Марина Мнишек - страница 125
Среди уходивших из Тушина был назначенный со своей ротой в переднюю стражу Николай Мархоцкий. Он вспоминал: «Мы из-за своих разногласий также двинулись без всякого шума к Волоку, взяв с собой арматы (пушки. – В. К.), которые были многочисленны и ценны. Отстроенный, словно город, обоз мы подожгли» [342]. В Иосифо-Волоколамский монастырь тушинцы пришли 8 (18) марта.
«Царица» Марина Мнишек со своей небольшой свитой также побывала в Иосифо-Волоколамском монастыре, разминувшись с тушинским войском дней на десять. Здесь ее ждала встреча с братом Станиславом Мнишком, покинувшим Тушино вслед за нею. Станислав Мнишек и оставшиеся женщины из «царицыной» свиты направлялись к королю Сигизмунду III под Смоленск. Брат вновь стал уговаривать сестру изменить свое намерение и вернуться под покровительство короля, но Марина уже сделала свой выбор и не скрывала его. Еще прежде чем саноцкий староста доехал до Смоленска, там 6 (16) марта знали, что Марина Мнишек прибыла в сопровождении сапежинцев в Иосифо-Волоколамский монастырь, «где она, взяв старую свою женщину, отправилась прямо в Калугу, к тому обманщику, с которым она тайно побраталась» [343]. Следовательно, в Иосифо-Волоколамском монастыре Марина Мнишек оказалась около 27 февраля (9 марта), а покинула его не позднее 4 (14) марта.

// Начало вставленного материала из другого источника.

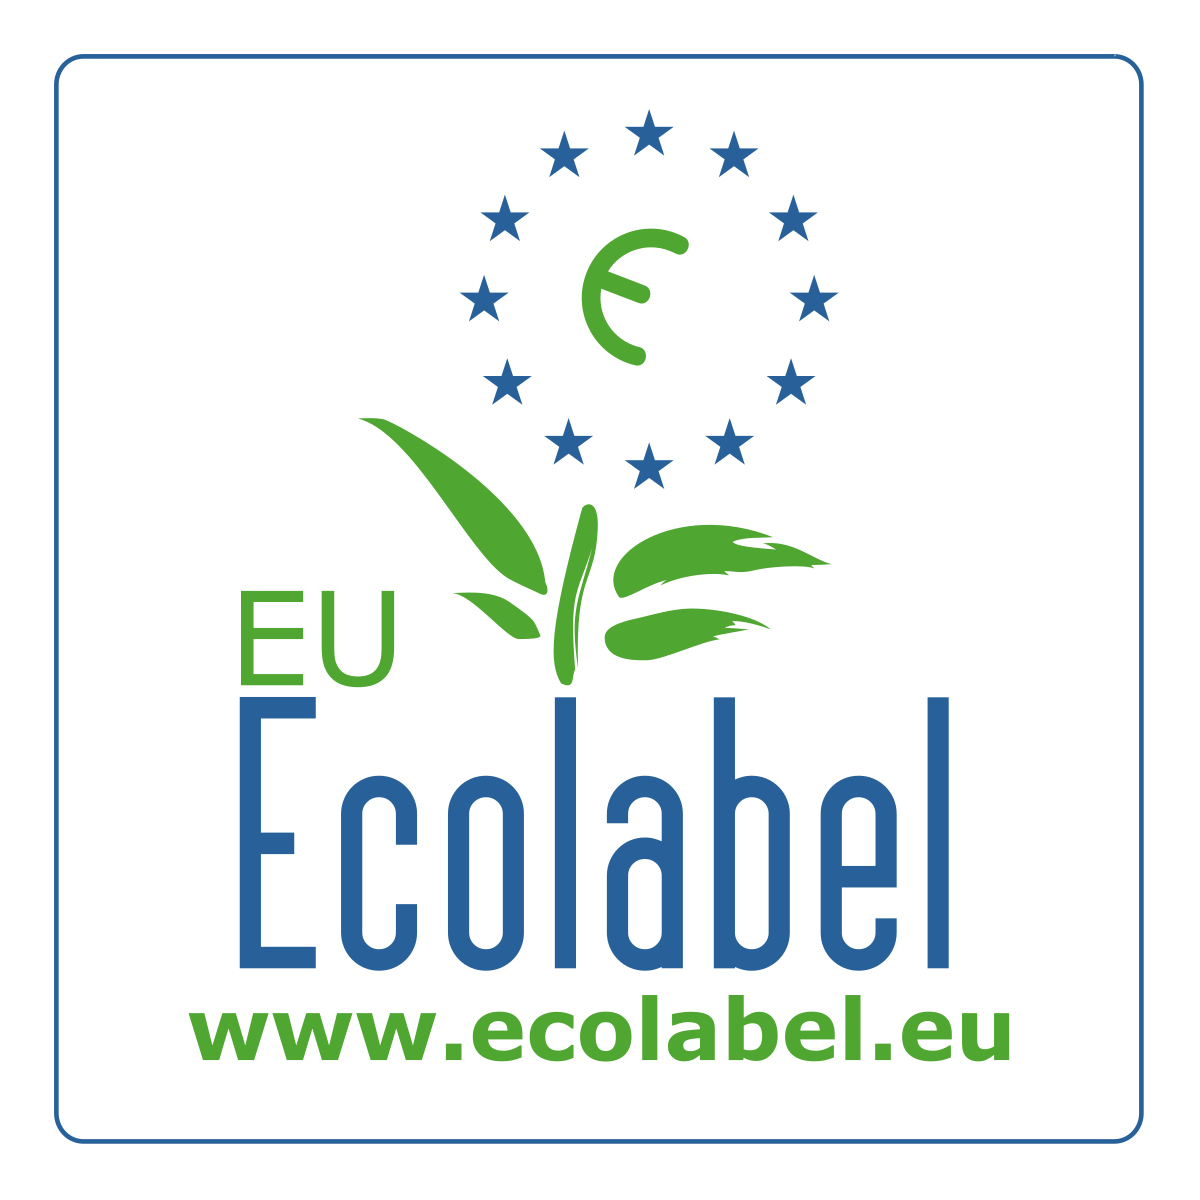 Logo Ecolabel EU

«Старая женщина», согласившаяся разделить с Мариной Мнишек выбранную ею судьбу, – не кто иная, как ее добрая «панья Казановская», когда-то спасшая ей жизнь во время московского погрома в день гибели «царя Дмитрия Ивановича». Приехав в Калугу, Марине пришлось заново собирать свою женскую свиту. По свидетельству Конрада Буссова, она вышла из положения, взяв к себе дочерей служилых иноземцев.

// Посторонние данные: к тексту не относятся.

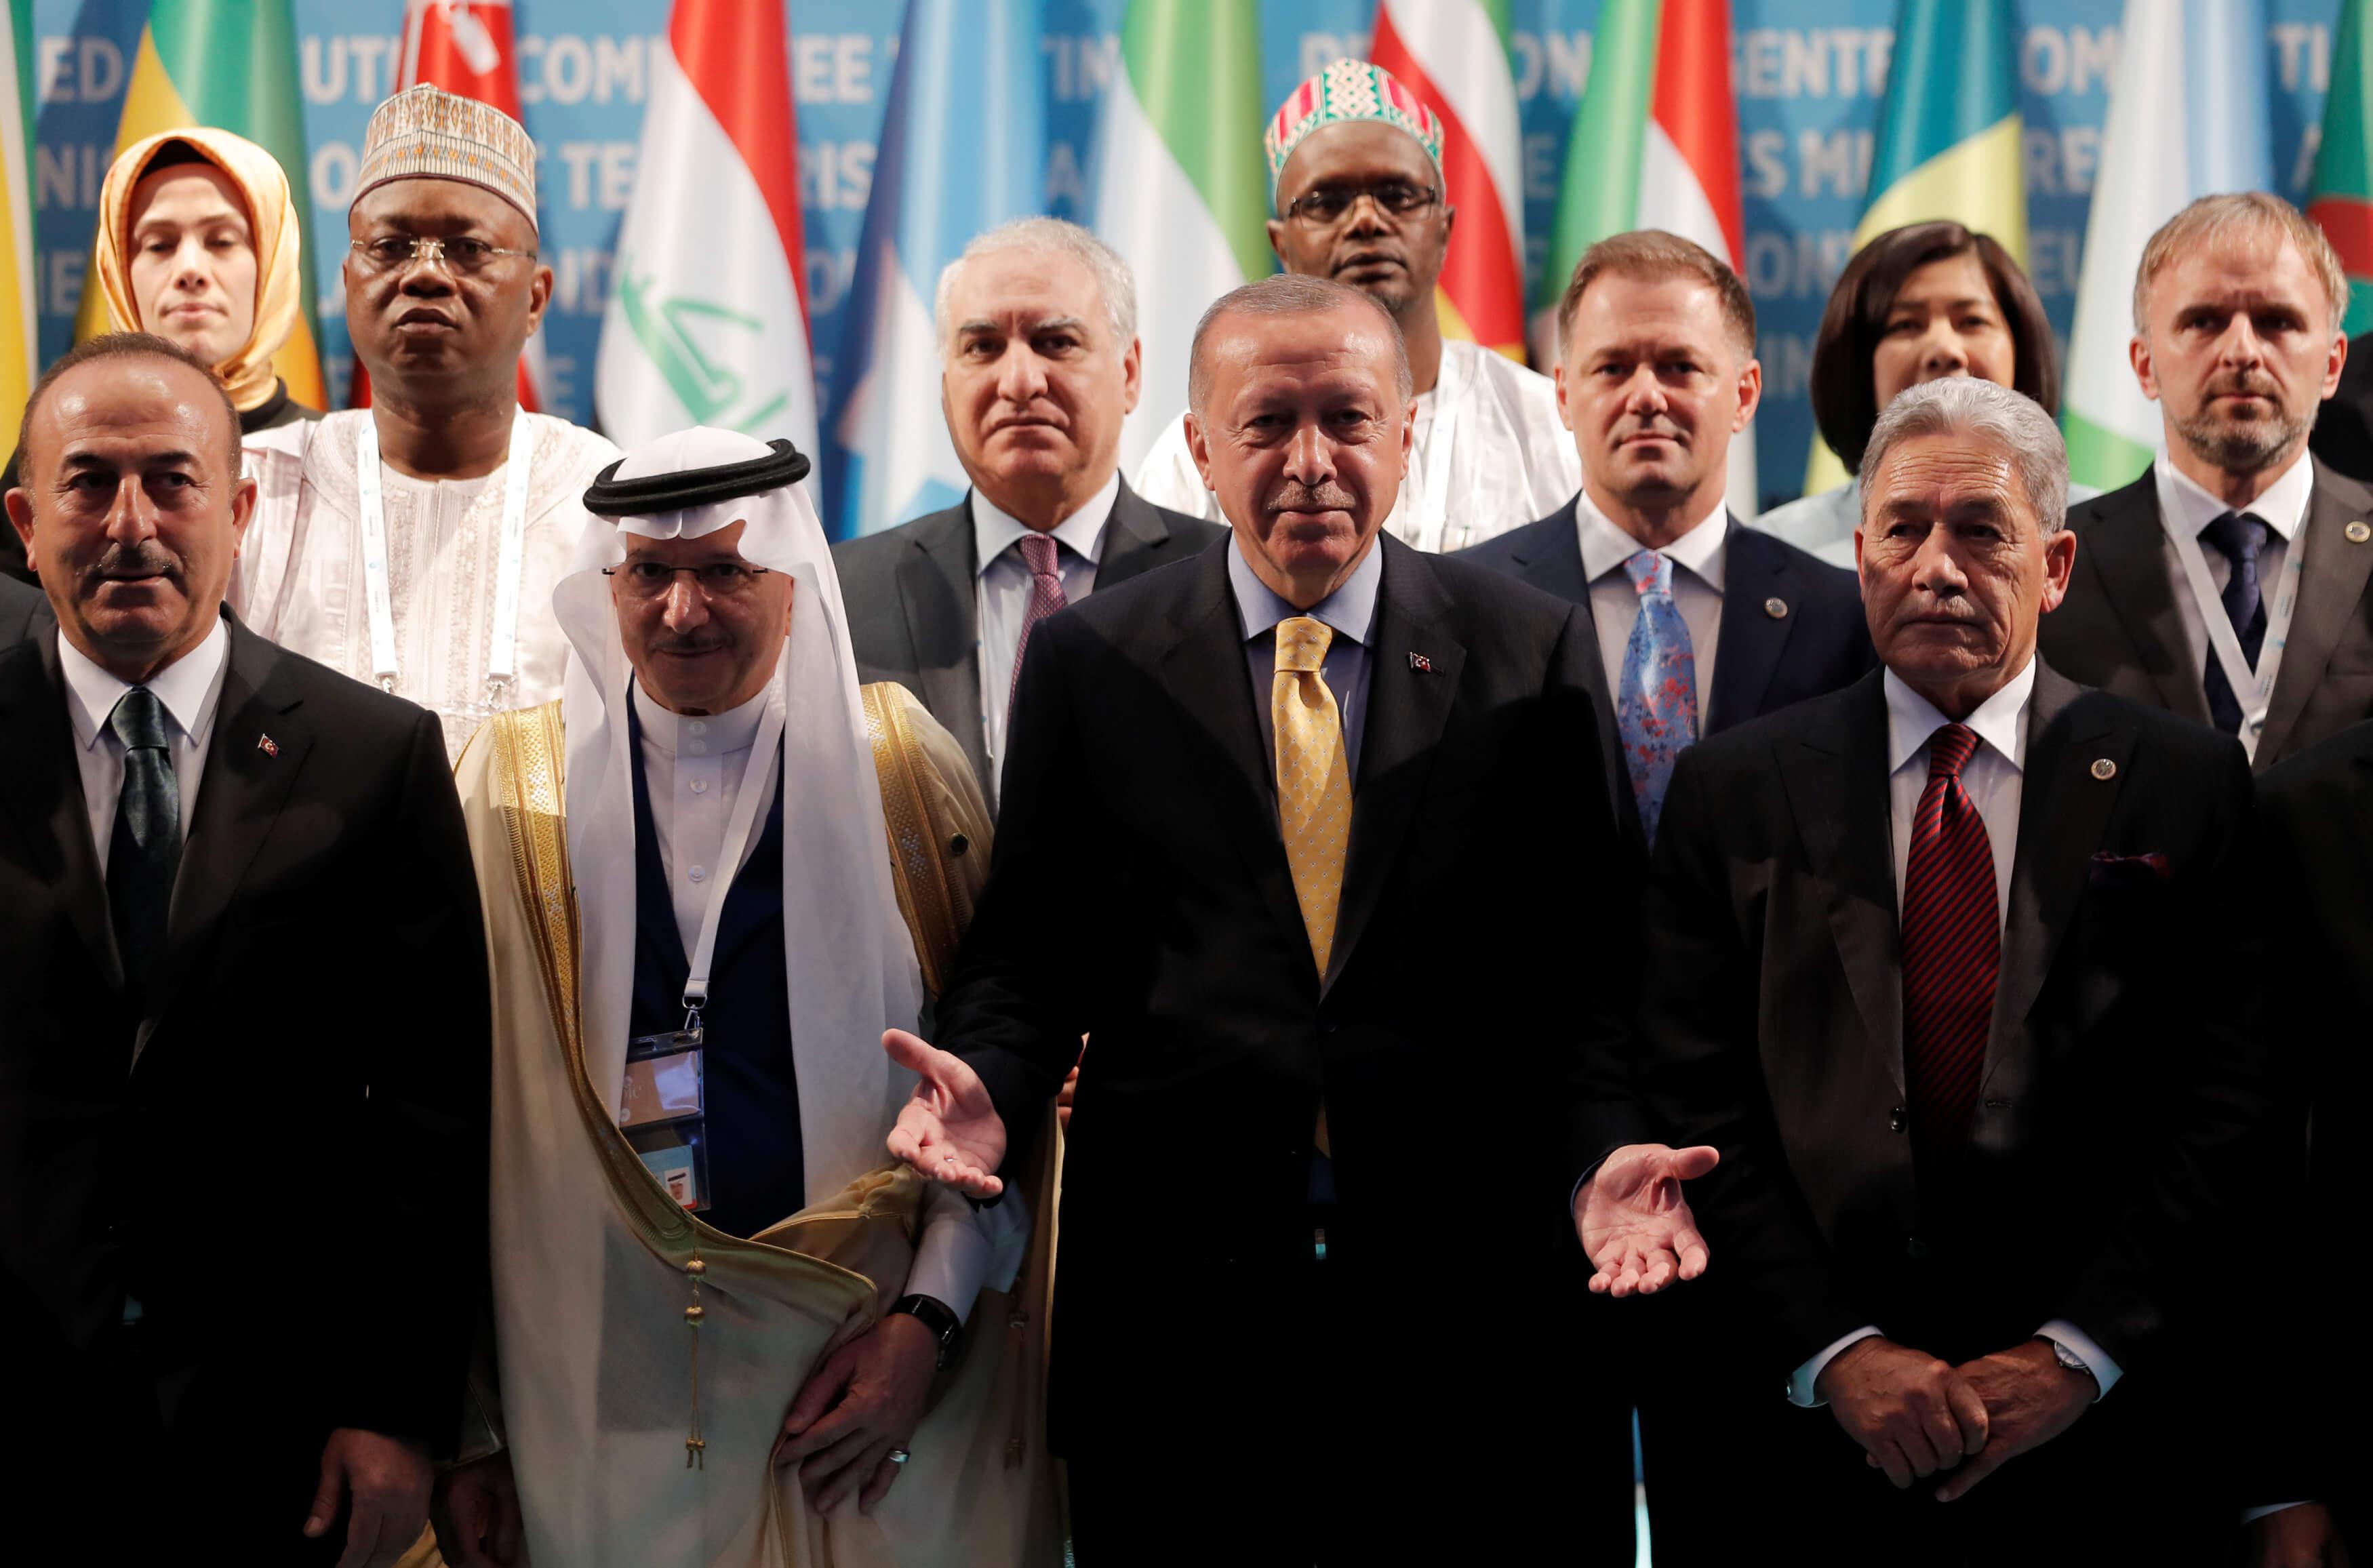 «Πατερούλης» των απανταχού μουσουλμάνων ο Ερντογάν, τα (ξανά)βάζει με τη Δύση – Εξίσωσε τις τρομοκρατικές επιθέσεις με το Ολοκαύτωμα

Конрад Буссов, живший в Калуге, вполне достоверно описал приезд туда переодетой в мужское платье «царицы»: «В Калуге перед воротами она сказала страже, что она доверенный коморник Димитрия со спешным и очень важным к нему донесением, о котором никто, кроме него самого, не должен знать. Царь сразу сообразил, в чем дело, приказал казакам хорошенько охранять ворота, а коморника впустить. Тот сейчас же поехал к кремлю, к царскому крыльцу, спрыгнул там с коня, предстал пред очи своего государя и тем доставил ему большую радость. А так как привезенная царицей из Польши женская свита уехала… назад в Польшу, то она взяла себе новую свиту из немецких девушек, родители которых жили в этих местах. Гофмейстериной над ними назначила тоже немку и все время очень благожелательно и благосклонно относилась к немцам» [344].
Стоит обратить внимание на странное слово «побраталась», которое употребили секретари, ведшие дневник королевского похода под Смоленск: «царица», по их словам, «тайно побраталась» с калужским «обманщиком» (именно так в подлиннике: «pobratala»). Переводчик дневника привел рядом со словом «побраталась» еще один вариант в скобках – «обвенчалась». Но об этом ли шла речь? Саноцкий староста Станислав Мнишек, добравшийся до королевского обоза 10 (20) марта, сообщал, что «только в Осипове (Иосифо-Волоколамском монастыре. – В. К.) узнал от своей сестры, когда она выезжала в Калугу, что «она повенчалась с тем франтом, который присвоил себе имя Димитрия» [345]. При передаче его слов королевские секретари использовали слово slub – «венчание», то же самое, которым была обозначена свадьба Марины Мнишек с царем Дмитрием Ивановичем через уполномоченного посла Афанасия Власьева в Кракове в ноябре 1605 года.
Но почему Марина Мнишек доверила свою тайну брату только теперь, когда их пути решительно расходились? Не для того ли, чтобы подтвердить правоту своего решения об уходе в Калугу, а не к королю? Еще более странно, что живший рядом с сестрой в Тушине Станислав Мнишек, как и все «рыцарство», ничего не знал о их венчании. Что могла называть Марина Мнишек словом «братание» в своих отношениях с «царем Дмитрием»? Может быть, определенные условия ее пребывания в Тушинском лагере, обсуждавшиеся перед тем, как она согласилась приехать в обозы «царя Дмитрия»? Или те условия, на которых она согласилась приехать в Калугу?